Exercise objective:
Exact copy, no pictures: repeat the data that follows.

Information shown:

____

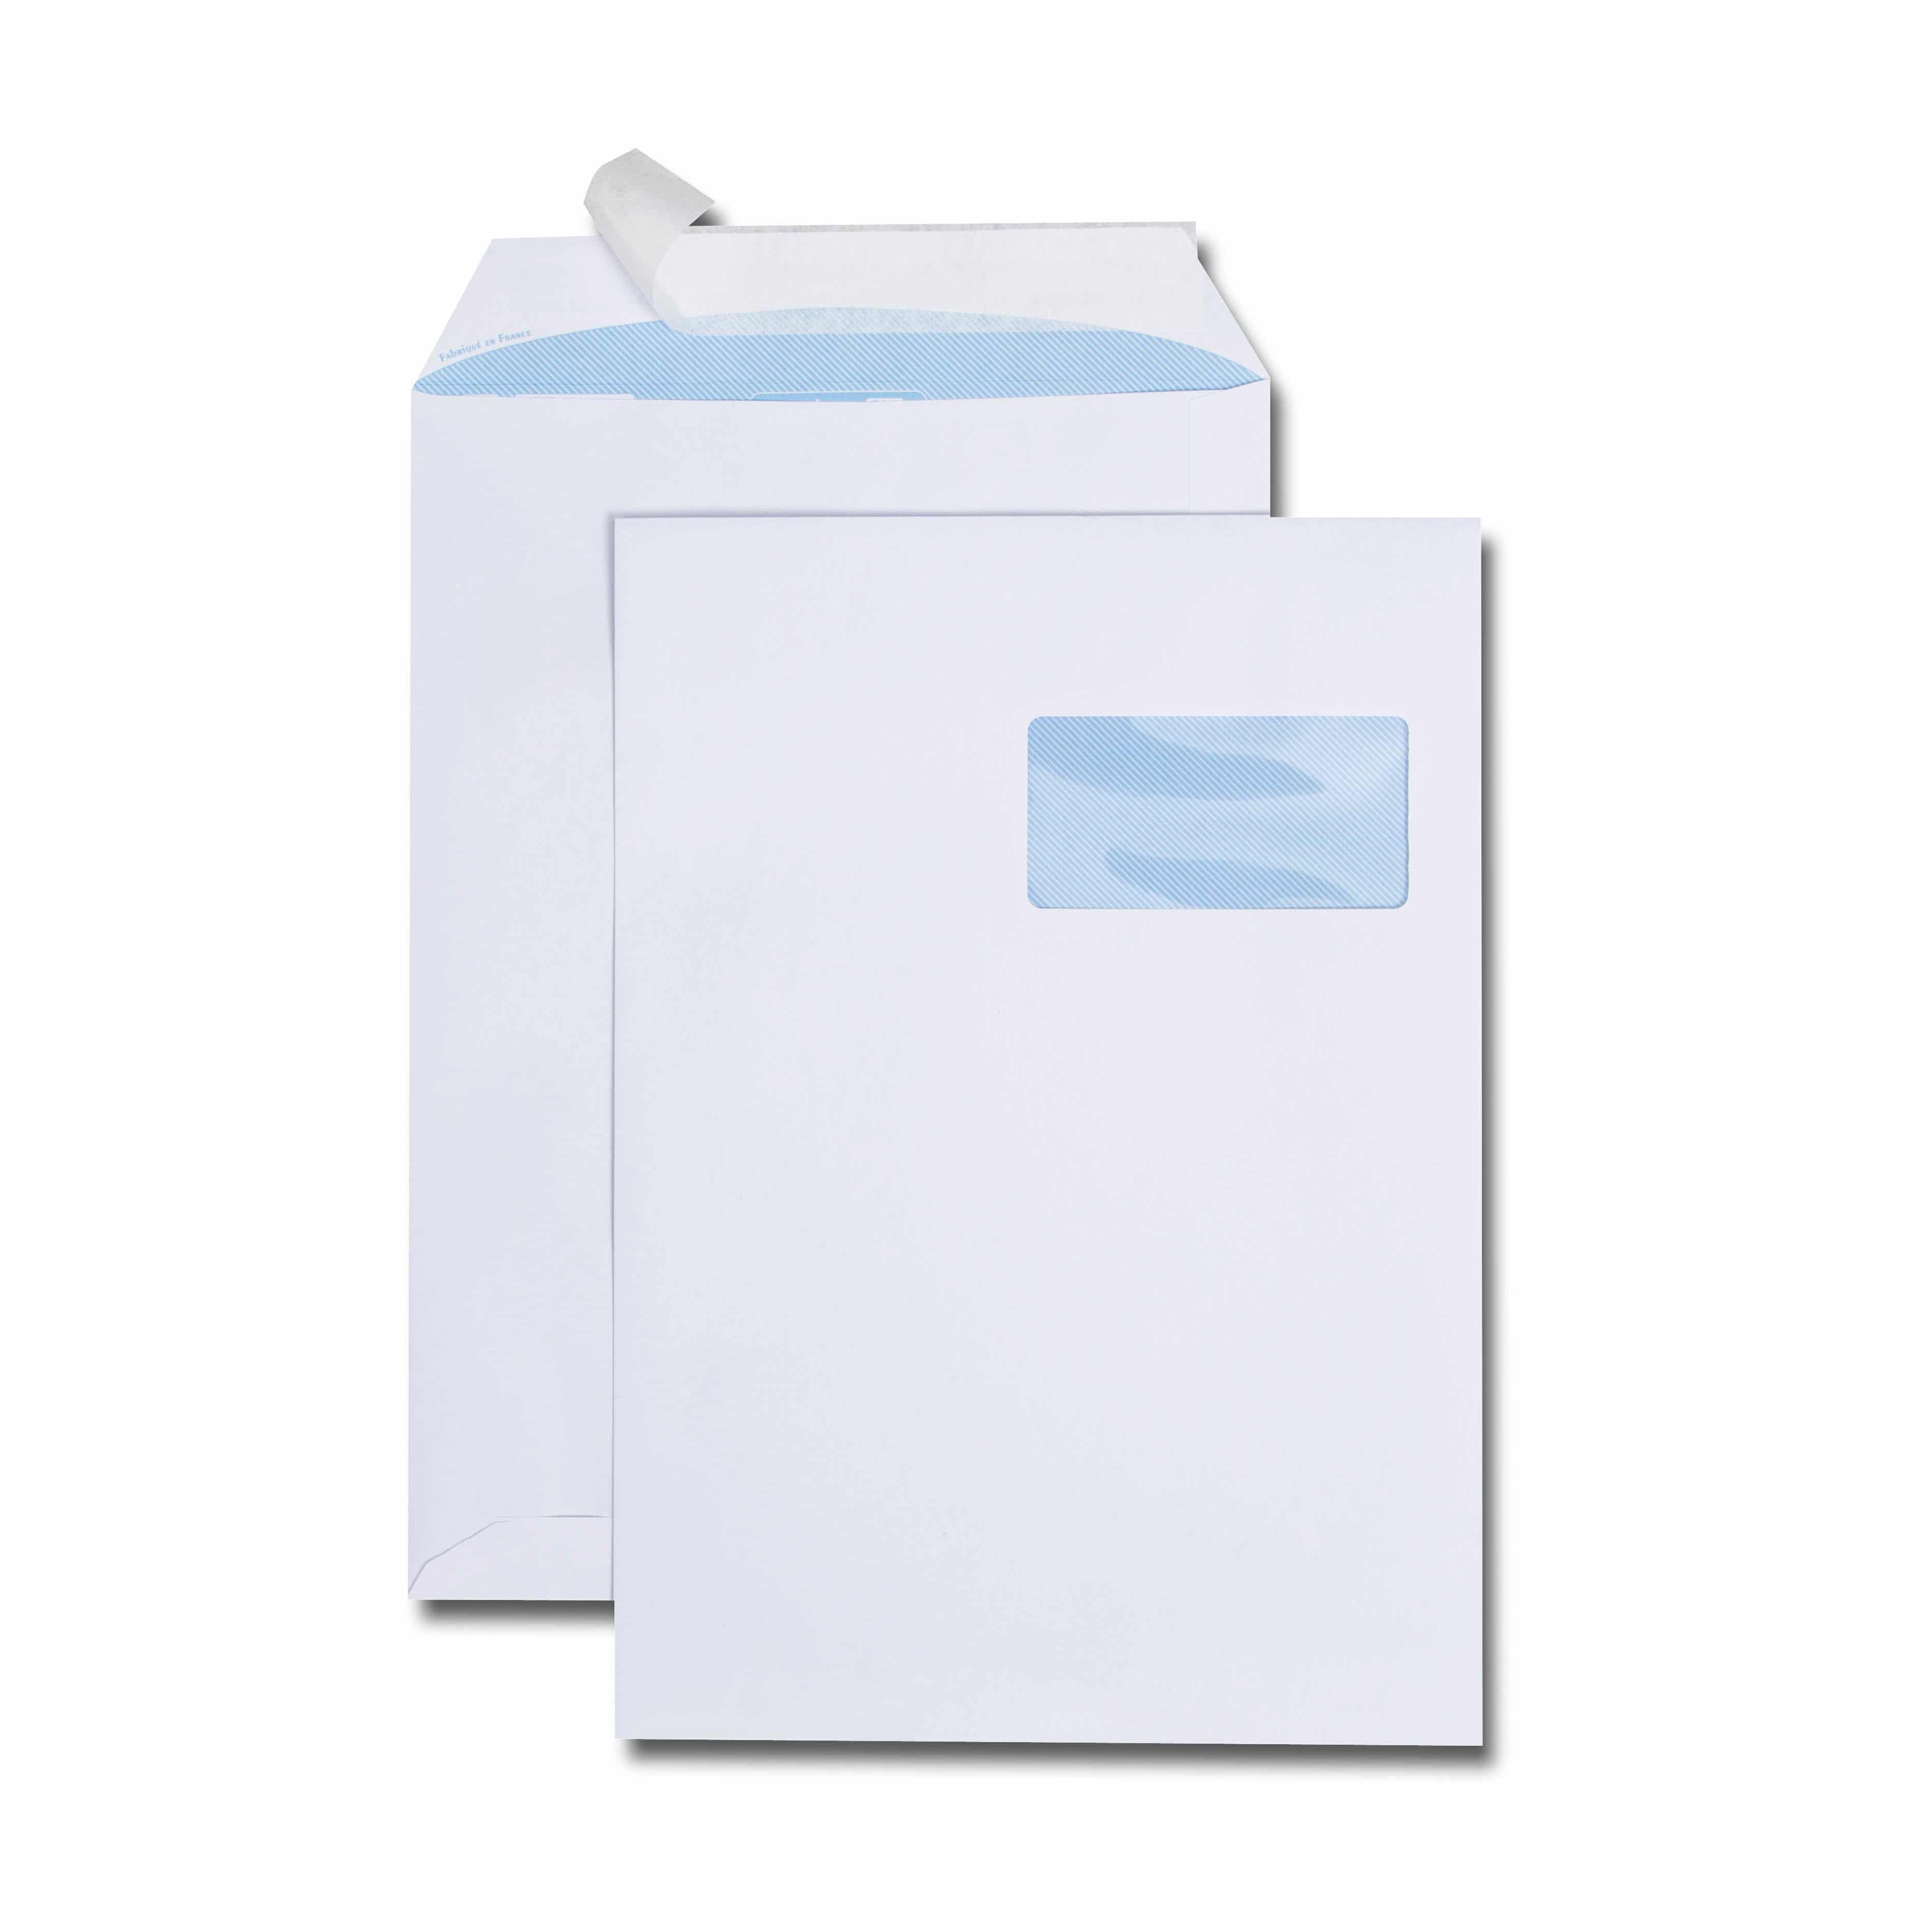 Boîte de 250 pochettes blanches C4 229x324 100 g/m² fenêtre 100x50 bande de protection
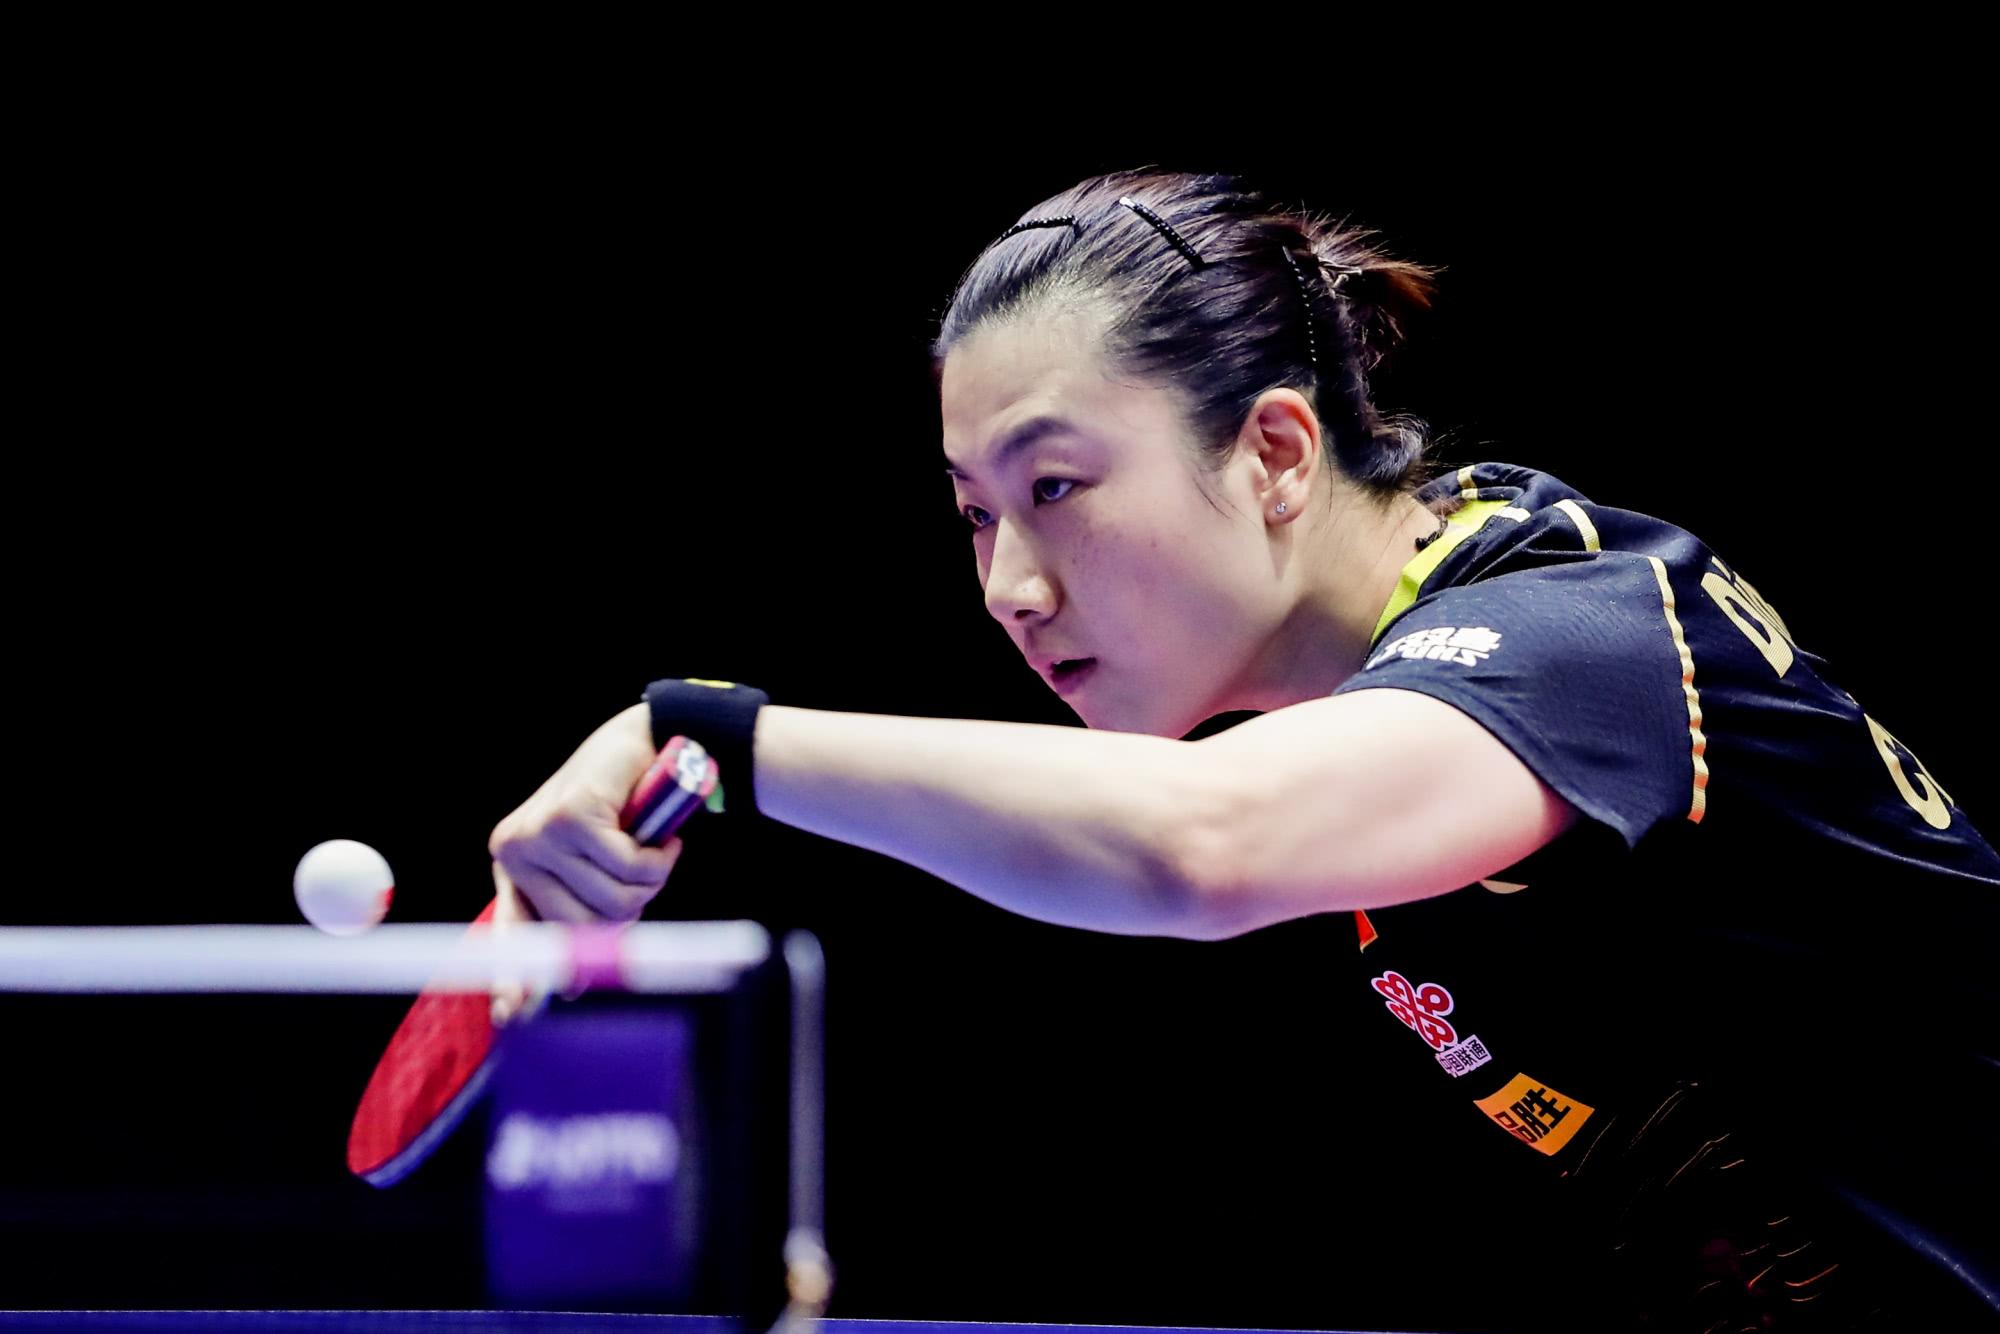 2020年德国公开赛女单半决赛,两名中国球员丁宁和王曼昱的对决
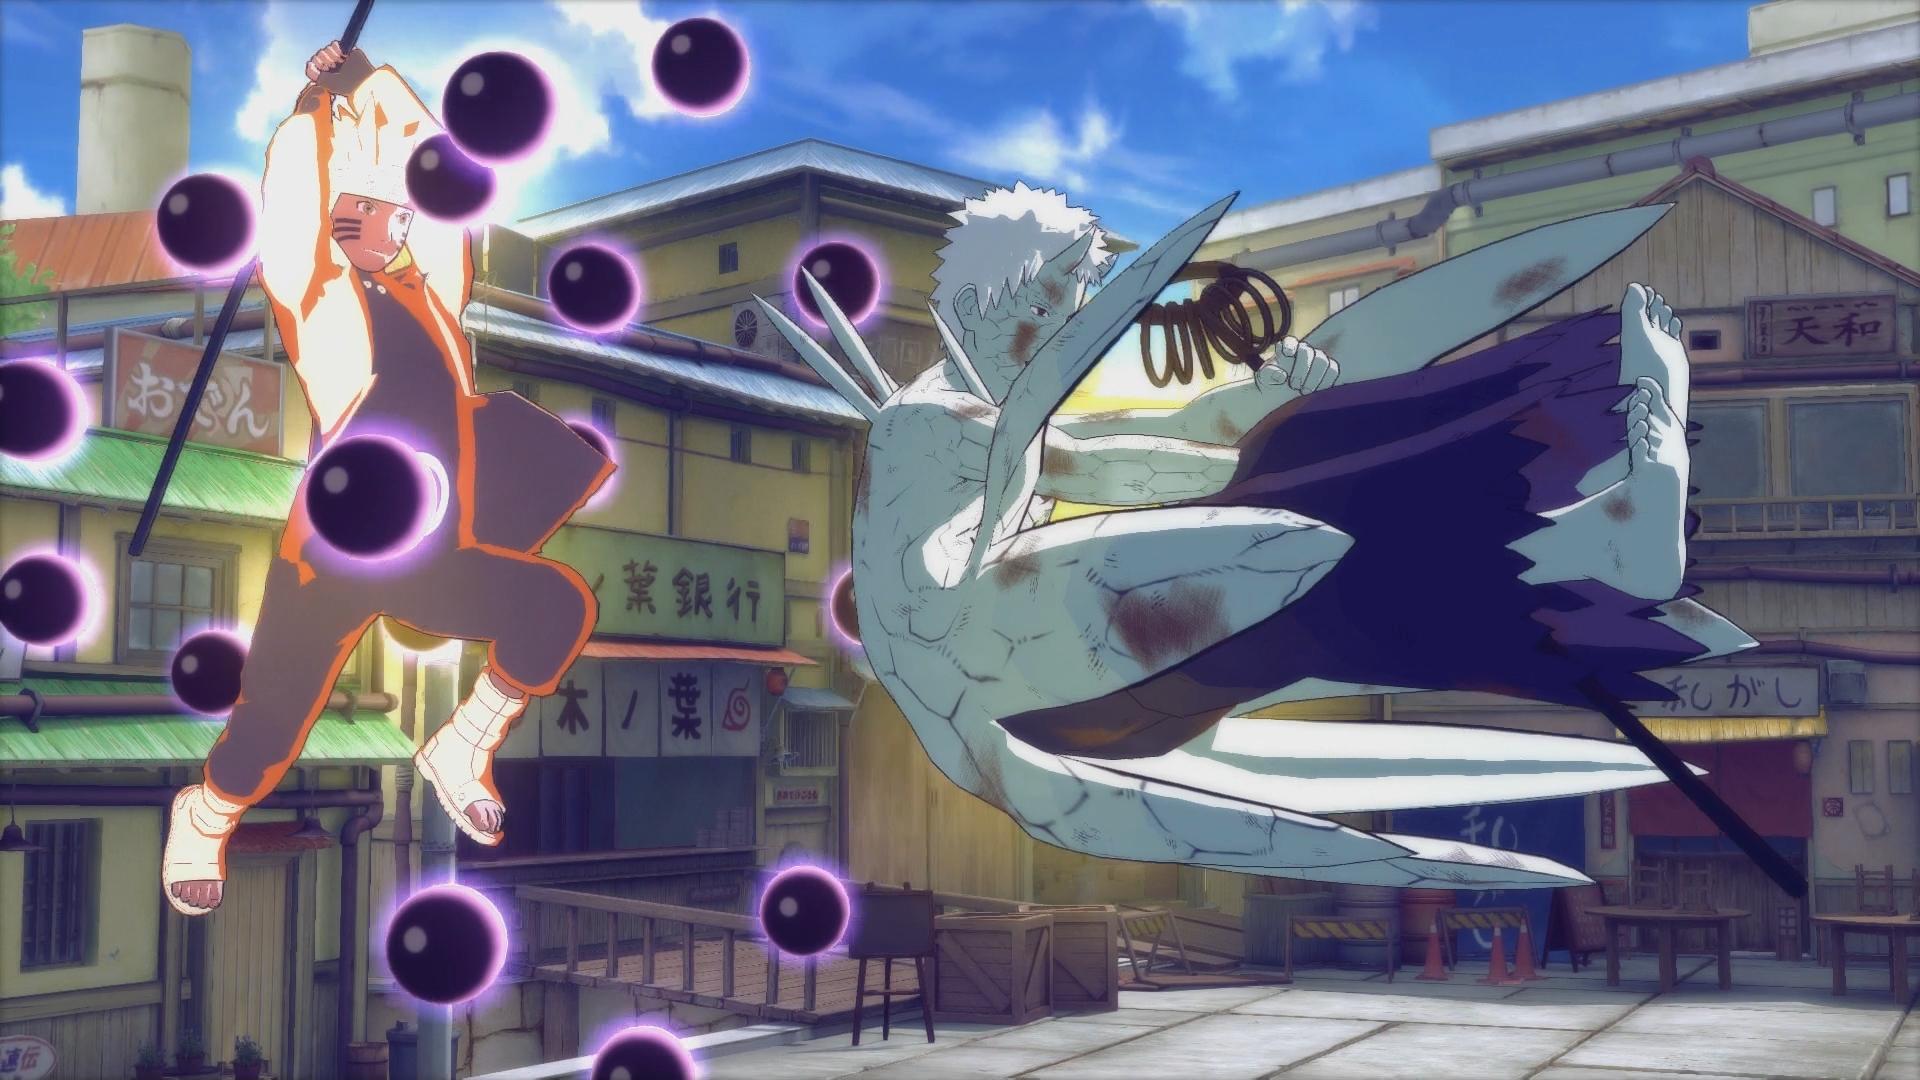 naruto-sky-fight-image

____

Answer area:
 Boîte de 250 pochettes blanches C4 229x324 100 g/m² fenêtre 100x50 bande de protection
 2020年德国公开赛女单半决赛,两名中国球员丁宁和王曼昱的对决
 naruto-sky-fight-image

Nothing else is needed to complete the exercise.